In this dissertation, we study optimization, adaptation, and learning problems over connected networks. In these problems, each agent k collects and learns from its own local data and is able to communicate with its local neighbors. While every single node in the network may not be capable of sophisticated behavior on its own, the agents collaborate to solve large-scale and challenging learning problems.
Different approaches have been proposed in the literature to boost the learning capabilities of networked agents. Among these approaches, the class of diffusion strategies has been shown to be particularly well-suited due to their enhanced stability range over other methods and improved performance in adaptive scenarios. However, diffusion implementations suffer from a small inherent bias in the iterates. When a constant step-size is employed to solve deterministic optimization problems, the iterates generated by the diffusion strategy will converge to a small neighborhood around the desired global solution but not to the exact solution itself. This bias is not due to any gradient noise arising from stochastic approximation; it is instead due to the update structure in diffusion implementations. The existence of the bias leads to three questions: (1) What is the origin of this inherent bias? (2) Can it be eliminated? (3) Does the correction of the bias bring benefits to distributed optimization, distributed adaptation, or distributed learning?

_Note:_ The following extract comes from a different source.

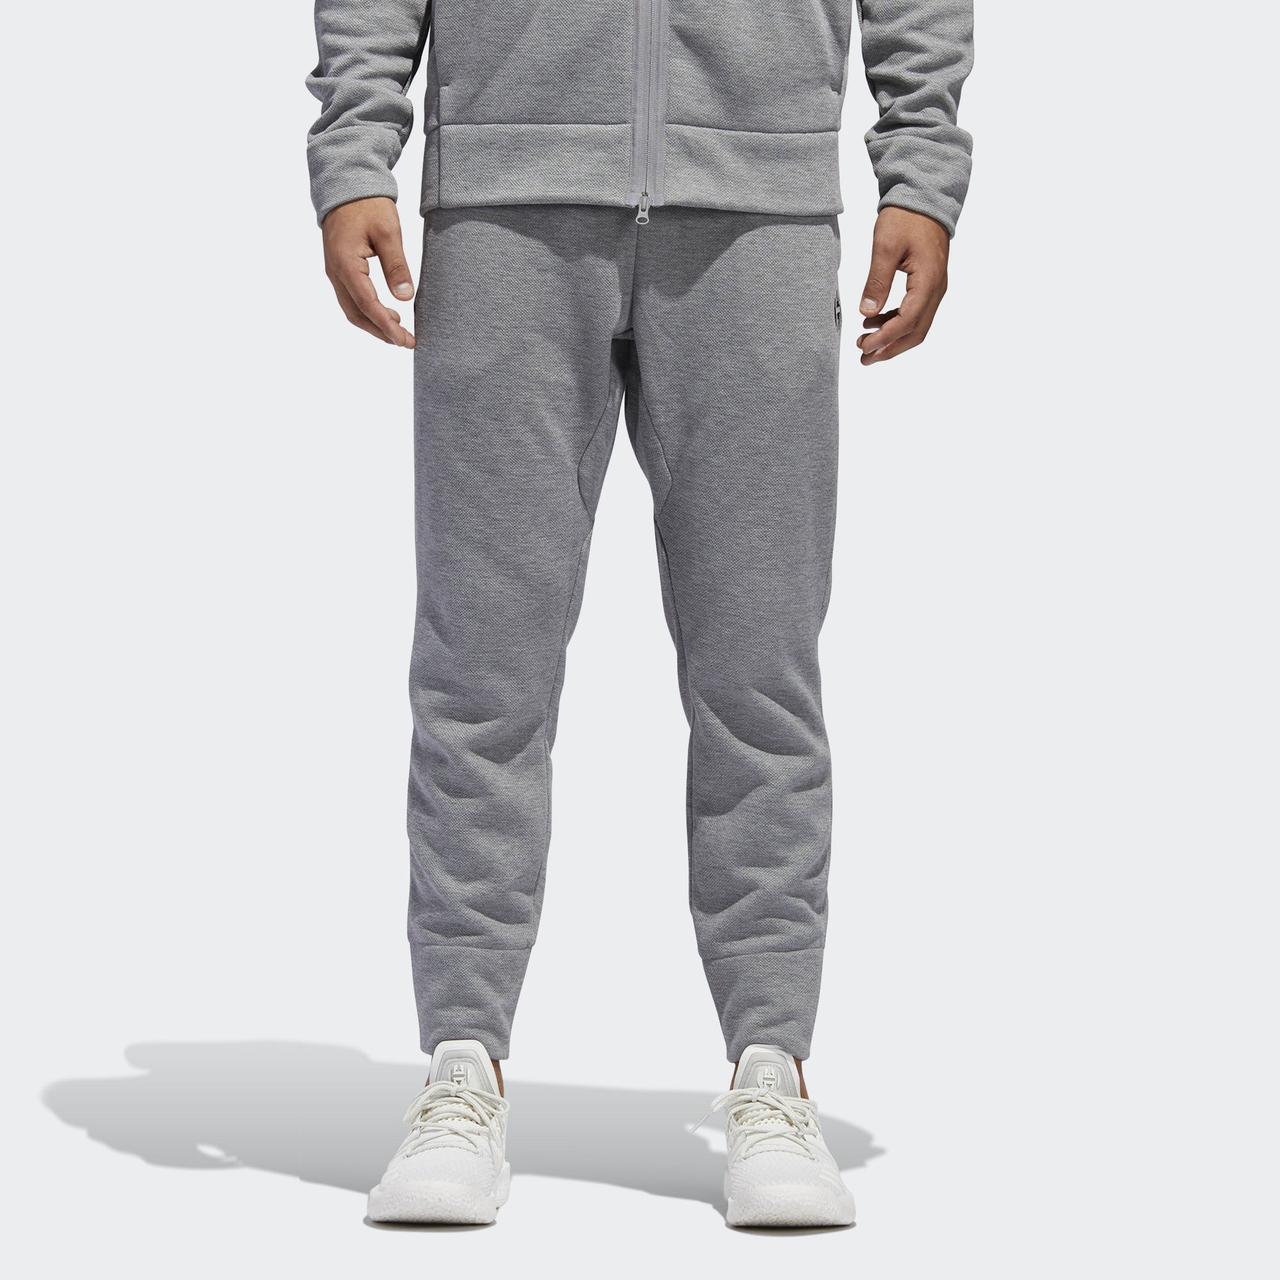 Мужские брюки Adidas Performance Harden (Артикул: CW6911)

This dissertation provides affirmative solutions to these questions. Specifically, we design a new exact diffusion approach that eliminates the inherent bias in diffusion. Exact diffusion has almost the same structure as diffusion, with the addition of a “correction” step between the adaptation and combination steps. Next, this dissertation studies the performance of exact diffusion for the scenarios of distributed optimization, distributed adaptation, and distributed learning, respectively. For distributed optimization, exact diffusion is proven to converge exponentially fast to the exact global solution under proper conditions. For distributed adaptation, exact diffusion is proven to have better steady-state mean-square-error than diffusion, and this superiority is analytically shown to be more evident for sparsely-connected networks such as line, cycle, grid, and other topologies. In distributed learning, exact diffusion can be integrated with the amortized variance-reduced gradient method (AVRG) so that it converges exponentially fast to the exact global solution while employing stochastic gradients per iteration. This dissertation also compares exact diffusion with other state-of-the-art methods in the literature. Intensive numerical simulations are provided to illustrate the theoretical results derived in the dissertation.
This work was supported in part by NSF grants ECCS-1407712 and CCF-1524250. Any opinions, findings, and conclusions or recommendations expressed in this material are those of the author(s) and do not necessarily reflect the views of the National Science Foundation.